Humber Oil Terminal Trustee v Sivand

- Acts of God/Natural Events

- D's tanker negligently collided with and damaged C's dock - property damage.
- During repair further expenses occurred when seabed collapsed.
- Further expenses caused by sea bed collapse still recoverable - collapse not a NAI as it was in realms of foreseeability.


Meah v McCreamer

- C suffered injury in road accident leading to personality disorder.
- Disorder led C to commit various criminal acts including rape.
- Disorder linked to original tort, could not break chain of causation.
KEY POINT: if later act can be linked to D's breach, no break.


Knightley v Johns


- First D caused road traffic accident.
- Police inspector negligently handled traffic afterwards.
- Negligence led to claimant police officer being killed (ordered to drive down tunnel against traffic flow).
- First D argued negligent handling broke chain of causation. Police inspector's actions unforeseeable.


Scott v Shepherd

- If 3rd party acted instinctively i.e. heat of the moment, no break in chain of causation.


Robinson v Post Office

- C injured through D's negligence and given anti-tetanus injection which he was allergic too.
- Doctor should have carried out allergy test.
- Did not break chain of causation as not considered 'palpably wrong'.
- Doctor's actions foreseeable and connected to original breach.
- Could not break chain.
- D liable for initial injuries and extent to which they were made worse by doctor's subsequent actions.


Spencer v Wincanton

- Strike balance between allowing Cs to live lives free from criticism and imposing to onerous liability on Ds.
- Emphasised importance of fairness - taking into account if further injury is caused by the claimant not the tortfeasor (who caused original injury).


McKew v Holland

- C's leg sometimes gave way without notice due to injury caused by D's negligence.
- Advised to be careful going down stairs etc.
- Carrying child down steep stairs, fell, further injuries.
- Test used - unreasonable and unforeseeable? Yes, not fair to hold D responsible for these additional injuries.

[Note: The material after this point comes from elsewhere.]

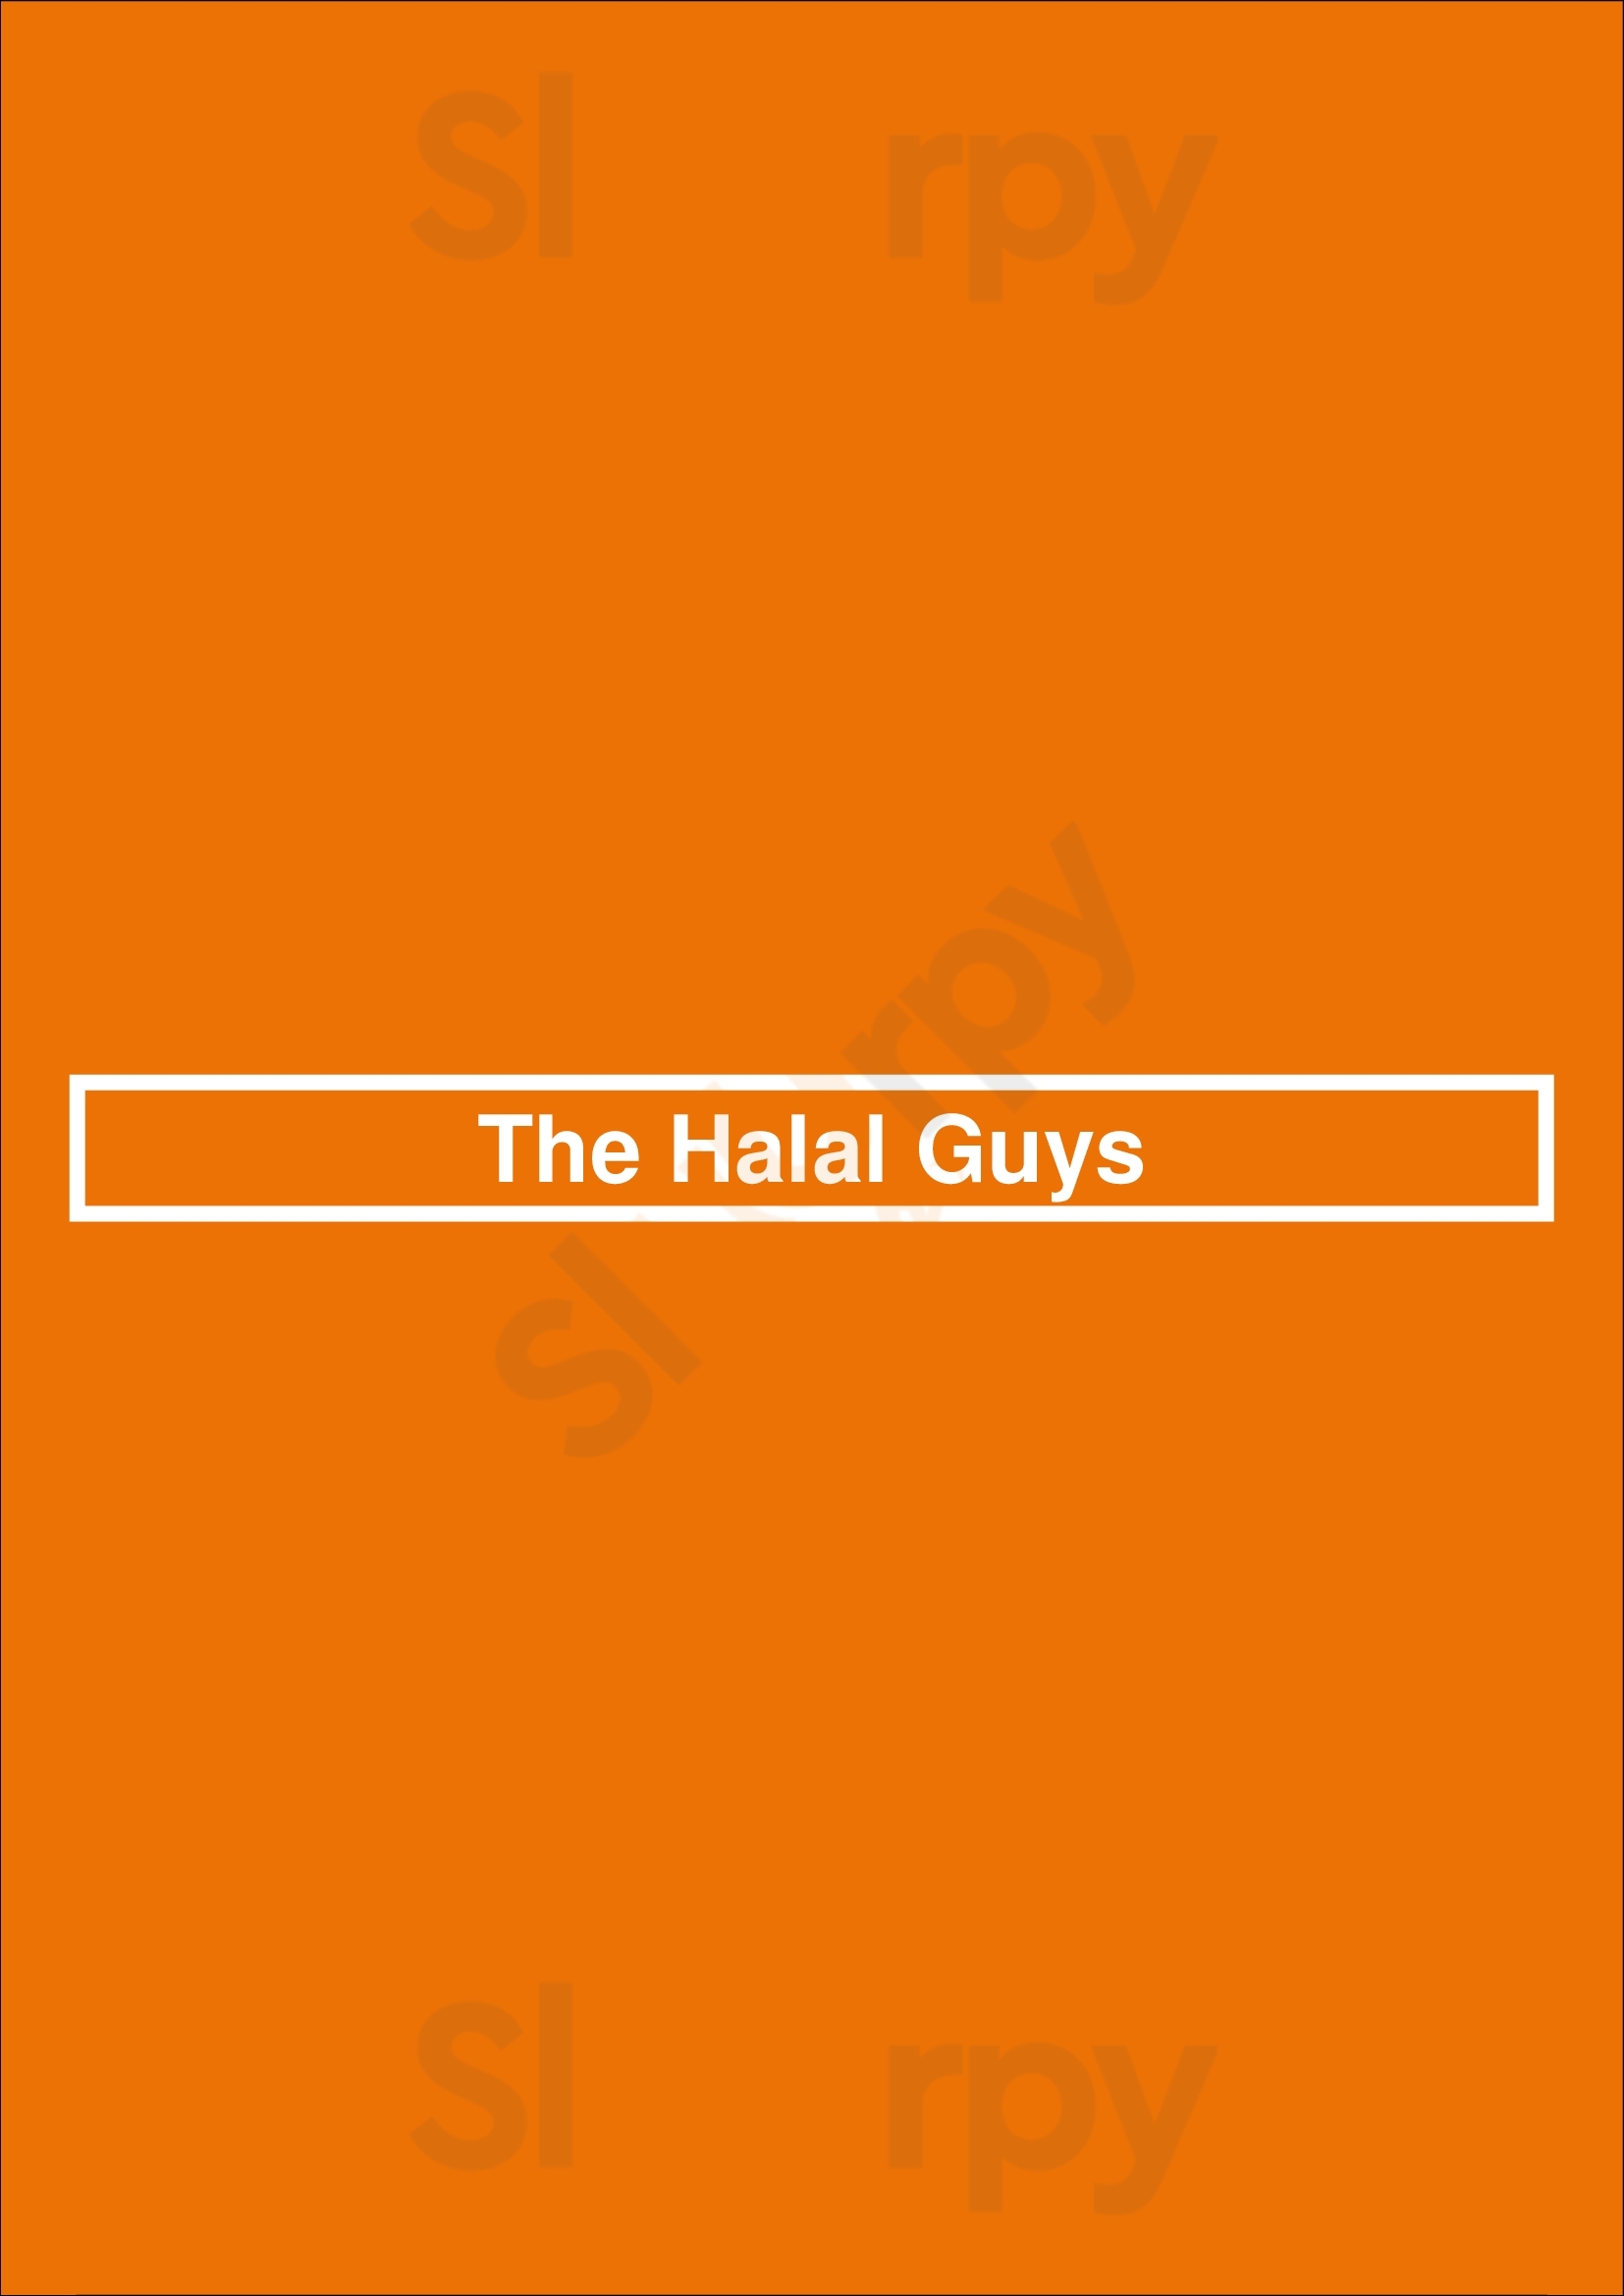 The Halal Guys Dallas Menu - 1

Wieland v Cyril Lord Carpets

- C had neck brace due to D's original negligence.
- Fell down some stairs.
- Should D be responsible? Yes, she was not doing something so unreasonable/taking extra risk. Would not have fallen down stairs if not for D's original negligence.


McFarlane v Tayside HA

- Wrongful life claims now restricted - unlikely claim will succeed resulting from birth of healthy baby due to failed sterilisation.
- But again here refusal to have abortion not a NAI.


Reeves v MPC

- Actions of C will not be treated as NAI where duty of care on D requires them specifically to prevent C taking certain actions.
- Police under duty to ensure prisoner did not commit suicide (known suicide risk).
- Prisoner killed himself due to failings by custody officers.
- Prisoner's actions did NOT count as NAI.


Corr v IBC Vehicles

- C suffered head injury in accident at work.
- Physical injuries and also PTSD.
- Six years later killed himself.
- Employer held responsible, although no specific duty to prevent C's suicide.
- Rare for courts to find acts of C breaks chain as C's contribution to loss can be dealt with by contributory negligence defence.